His bike was where he’d left it, and he only had to get his rifle from where he’d stashed it earlier in one of the JLTVs. He had a long way to go in order to avoid the scouts that the colonel had scattered around the eastern edge of the city. He was going to ride north on 15 until he found Louisa Road and then bend west until he ran out of rural roads to follow,
and he knew he would. Hammock’s Gap was like a giant swath of green on the map, stretching out from the eastern edge of the city. The only thing he could see that crossed it before he’d have to swing too far north was one of those massive power lines and a railroad.
He was aiming for the power lines; he could follow them all the way to where they crossed over Highway 20. From there, it was a straight shot into the city, coming from a direction where he didn’t think he’d be spotted. He wasn’t worried about the pretend soldiers of Charlottesville; it was Jason, Skirjanek, and his Marines that he had to avoid. He checked his water bottle and made sure his CamelBac wasn’t leaking. For the two weeks before Daniel’s death, and since he’d come back, he’d been one of Skirjanek’s gophers. He knew where everyone was scattered around Zion Crossroads, on either side of the freeway.
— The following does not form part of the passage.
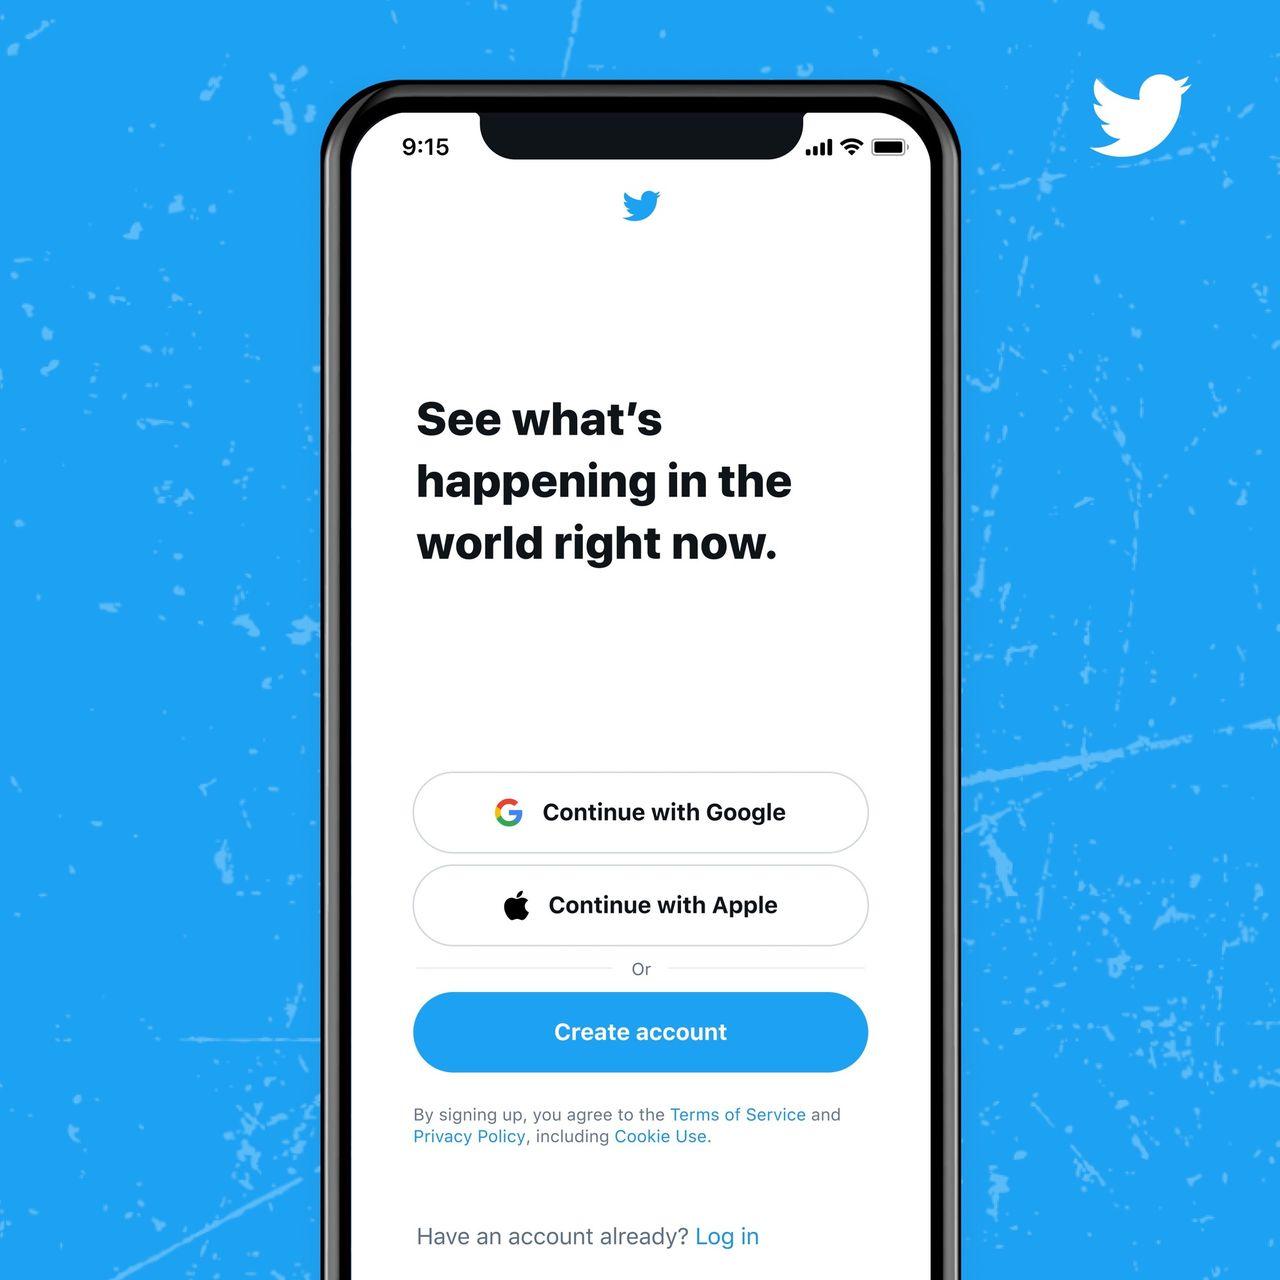 Logga in på Twitter med ditt Google- eller Apple-konto

He pedaled slowly, past the settling ponds behind the McDonald’s, then around the back side of the massive Walmart supply depot before swinging back to Route 15. From that point, he took off to the north like a rocket. There was enough moonlight that he didn’t need to use his night vision, which was a good thing; he hadn’t been able to scrounge an extra set of batteries the day before. He had roughly fourteen miles of easy pedaling before he’d have to leave the road. By then, the Gypsy camp would start waking up, and his clock would start ticking.
*
Charlottesville
Eric was giving him the “you’ve got to be kidding” look. They’d known each other since the meltdown. Together, he and the big guy had kept control of the situation in the basement of the church where they’d hidden with a bunch of other strangers. Since emerging and falling in with Lisa Cooper, Eric had been pretty much engaged in keeping the juice flowing through the part of the campus they had occupied. He’d been a lineman for the power company before the virus, and not somebody Cooper would have spent a minute of effort on getting to know.